Every row gets scored on what's visibly wrong with it: how far from certain the price is, how wide the spread is, whether there's real depth behind the price, whether anyone's actually been trading it, how soon it settles (too far out is risk; so is right now), whether the price just jumped, and what kind of market it is.

Low (0–14) · Medium (15–34) · Elevated (35–59) · High (60+)

Anything above Low tells you exactly why in the detail view. Read those reasons.

This score describes what the order book looks like today. It is not a prediction and it is not a promise. A Low-risk bond can lose. It just doesn't have anything visibly broken about it.


Freshness

The badge next to the title tells you whether prices are Fresh, Stale, Degraded, or still Warming up, plus when they were last updated. If it isn't fresh, hit Refresh before you commit money.

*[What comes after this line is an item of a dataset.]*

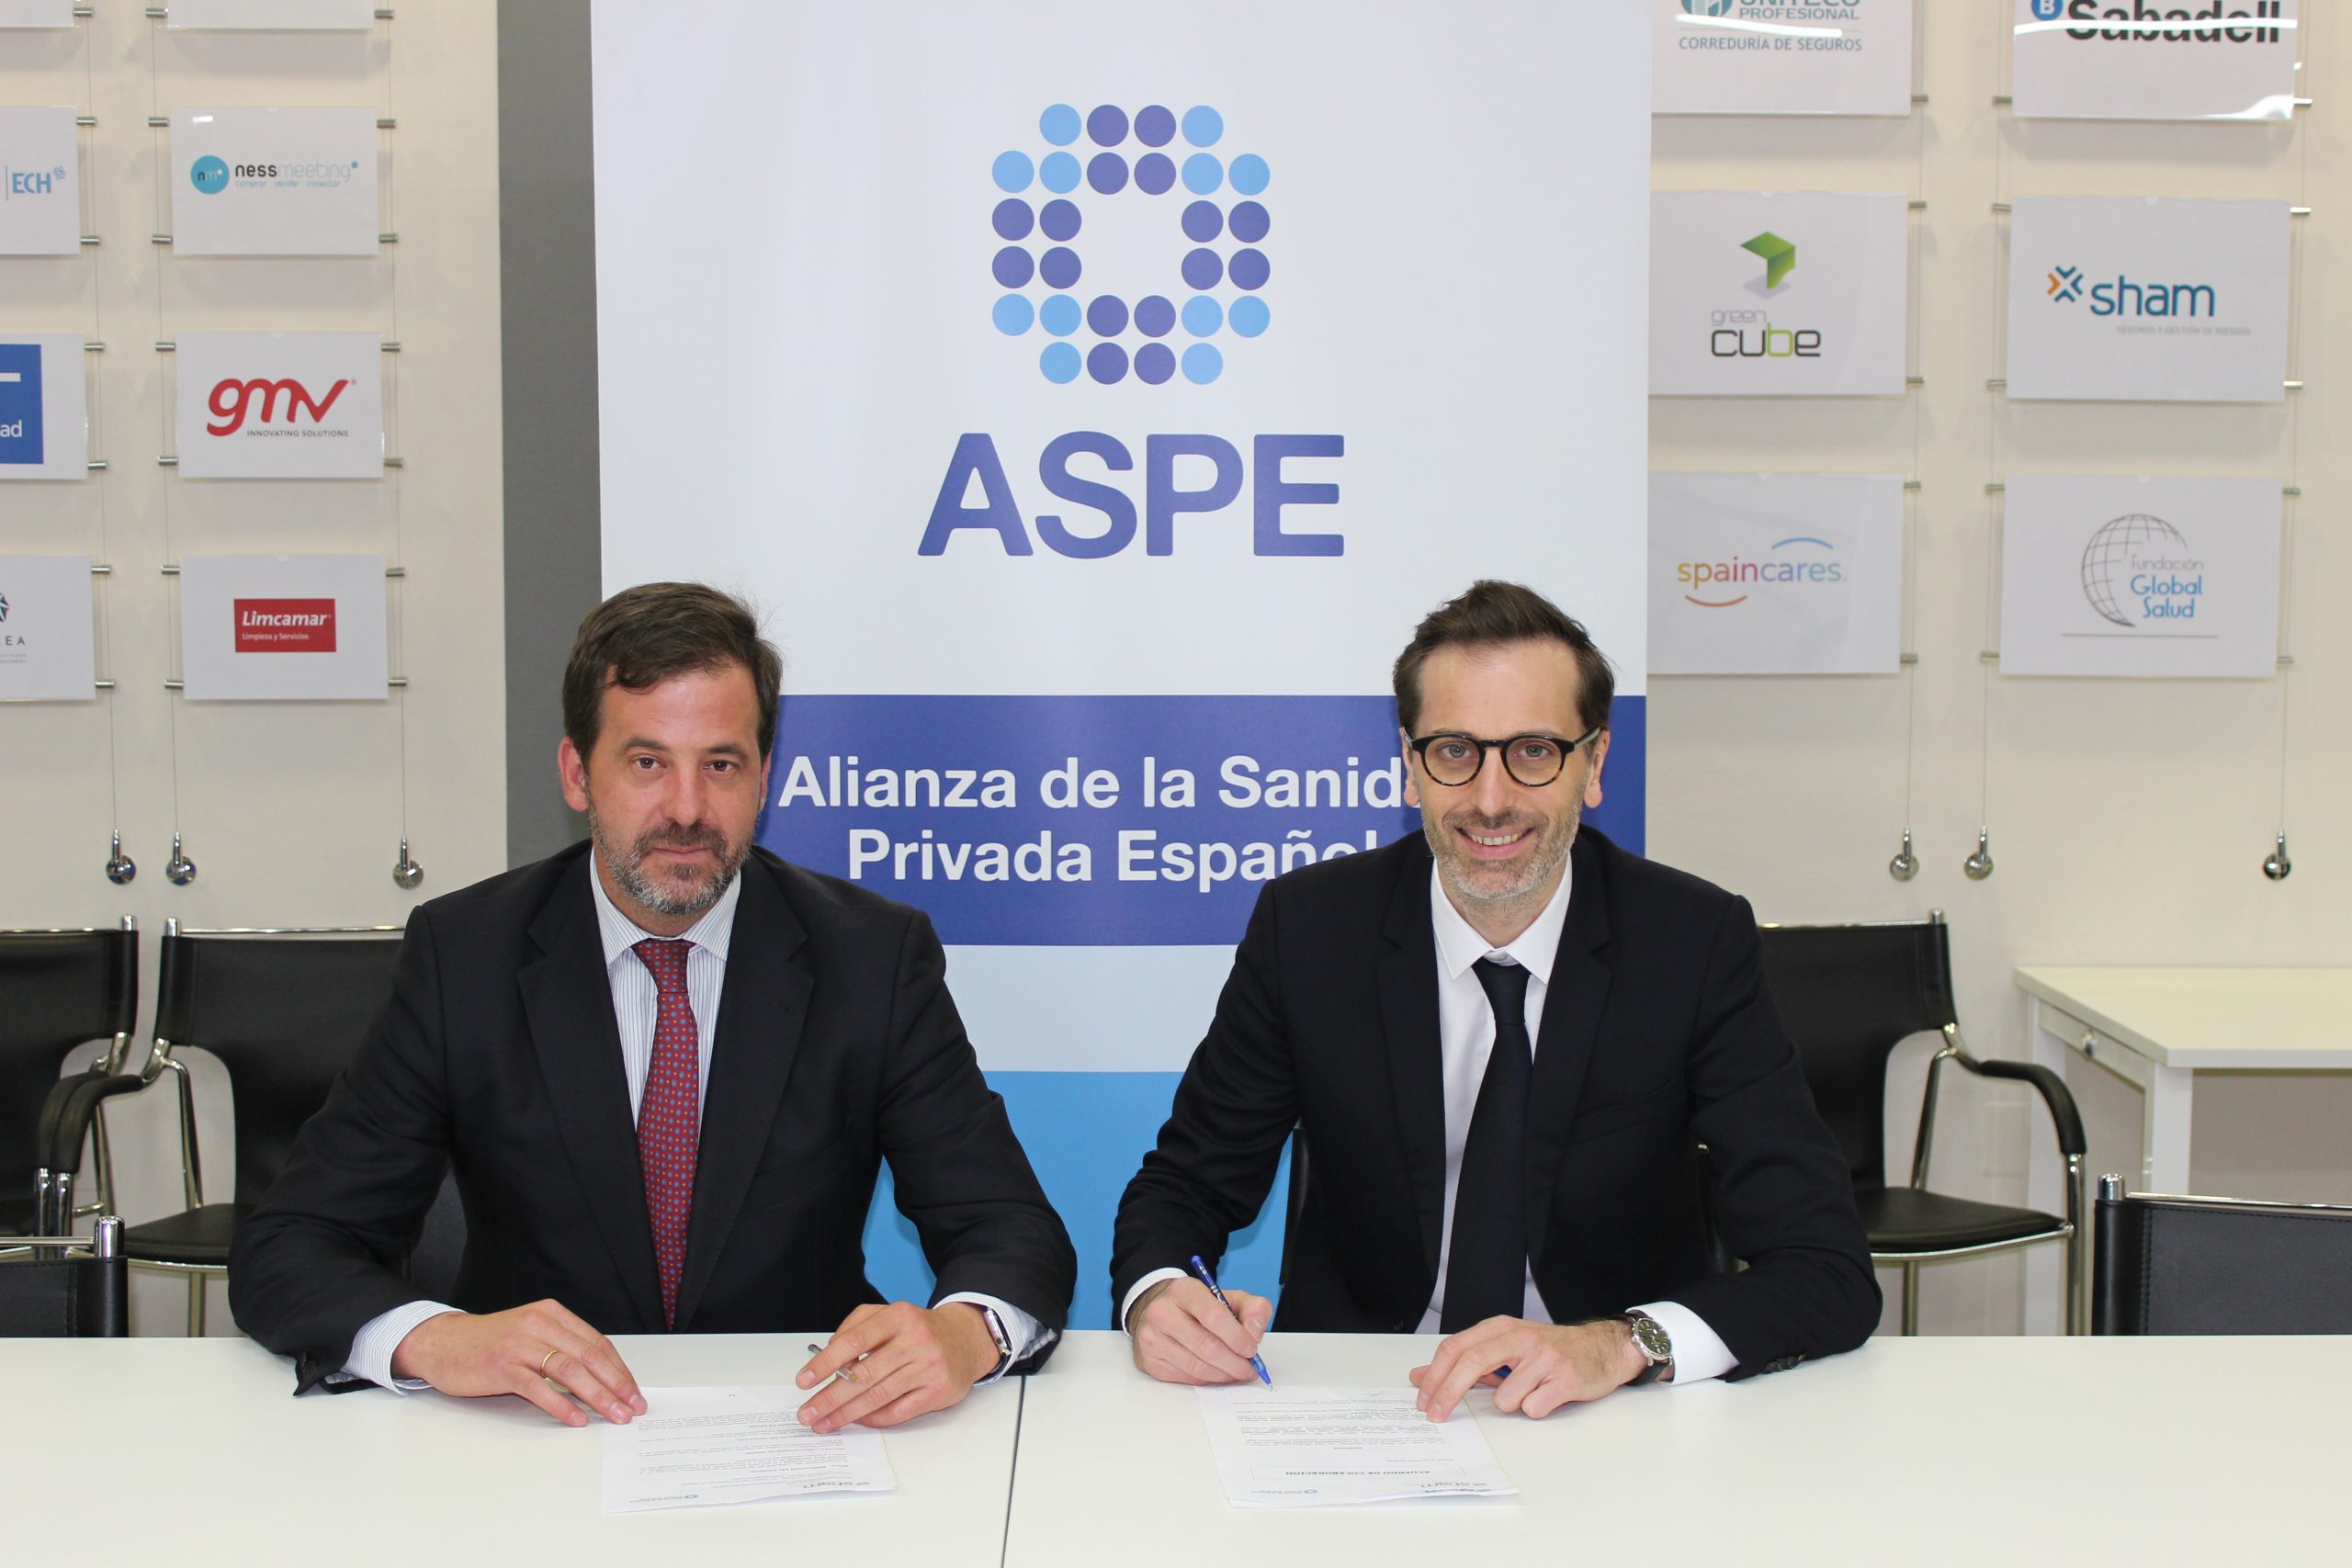 ASPE firma un acuerdo de colaboración con Sham, mutua aseguradora especialista en el sector

Prices come from a cached snapshot that refreshes in the background, which is why the page is instant. It also means the number you're looking at is seconds-to-minutes old, not live to the millisecond. On a 98¢ bond that rarely matters. On a bond that's moving, it does — which is why we show you the badge instead of hiding it.


The short version, if you skipped to the bottomClick to expand
  • You're buying outcomes at 97¢+ that pay $1.00 when they settle.
  • The profit is small, so costs decide whether this works at all — these prices sit in the cheapest band on the platform, with your own discount on top, and every row shows the net return at your rate.
  • Being wrong costs you the entire stake, not the 2%. Size accordingly.
  • Prefer bonds that settle soon. Time is the thing you're actually being paid for.
  • Read the resolution rules. Check Executable and Spread before sizing up.
  • Don't stack six bonds that all depend on the same event.
  • Many small positions, repeated. That's the whole strategy.